The two RIL populations ‘BAT93’ × ‘Jalo EPP558’ (BJ; Freyre et al. 1998) and ‘Midas’ × ‘G12873’ (MG; Koinange et al. 1996) were used to integrate the PvSHP1 sequence into the common bean molecular linkage map. As expected, all of the three markers co-segregated as a single locus in these two RIL populations. As shown in Fig. 1, PvSHP1 is located on chromosome Pv06, between the D0096 and DROJ9c markers that are common to both maps, and at 12 cM from two AFLP markers shared by both maps (Rossi et al. 2009).
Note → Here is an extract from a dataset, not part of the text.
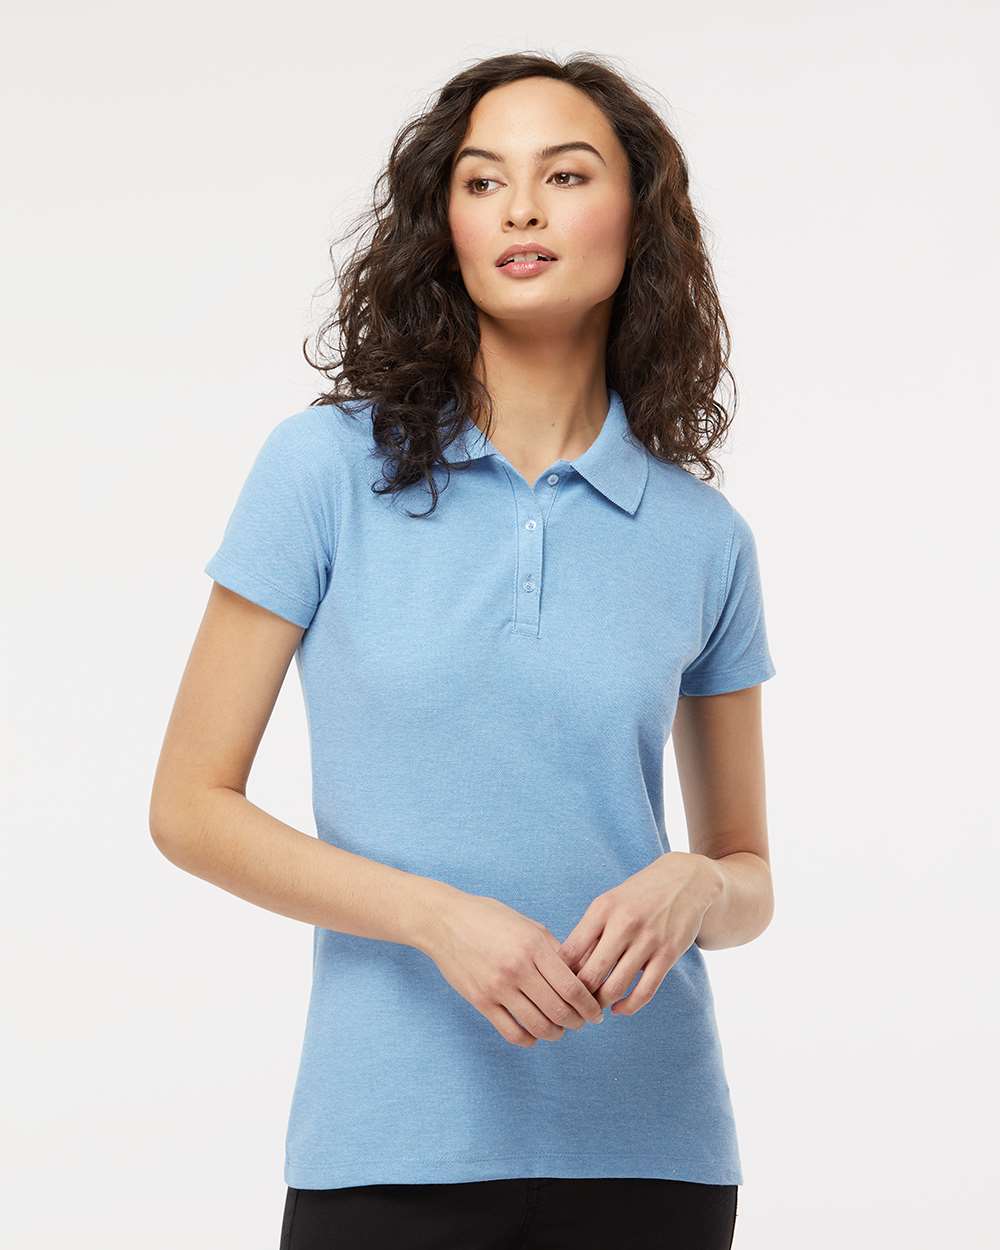 M&O Women’s Soft Touch Polo #7007 Light Blue Heather

Thus, PvSHP1 is located close to the V locus for flower color (mapped by Nodari et al. 1993; McClean et al. 2002) and in the same region as QTLs for days to flowering in the Darién, Colombia, environment (DF6.2 and DF6.1) (Blair et al. 2006) and for resistance to common bacterial blight (Miklas et al. 2006).

Fig. 1
figure 1

Pv06 linkage group: illustration of the chromosomal position of PvSHP1. DROD3b, H10, H9, D0096, DROJ9c are markers already mapped on the two RIL populations used (BJ, BAT93 × JALOEEP558, and MG, Midas × G12873) (Koinange et al. 1996; Freyre et al. 1998; Rossi et al. 2009)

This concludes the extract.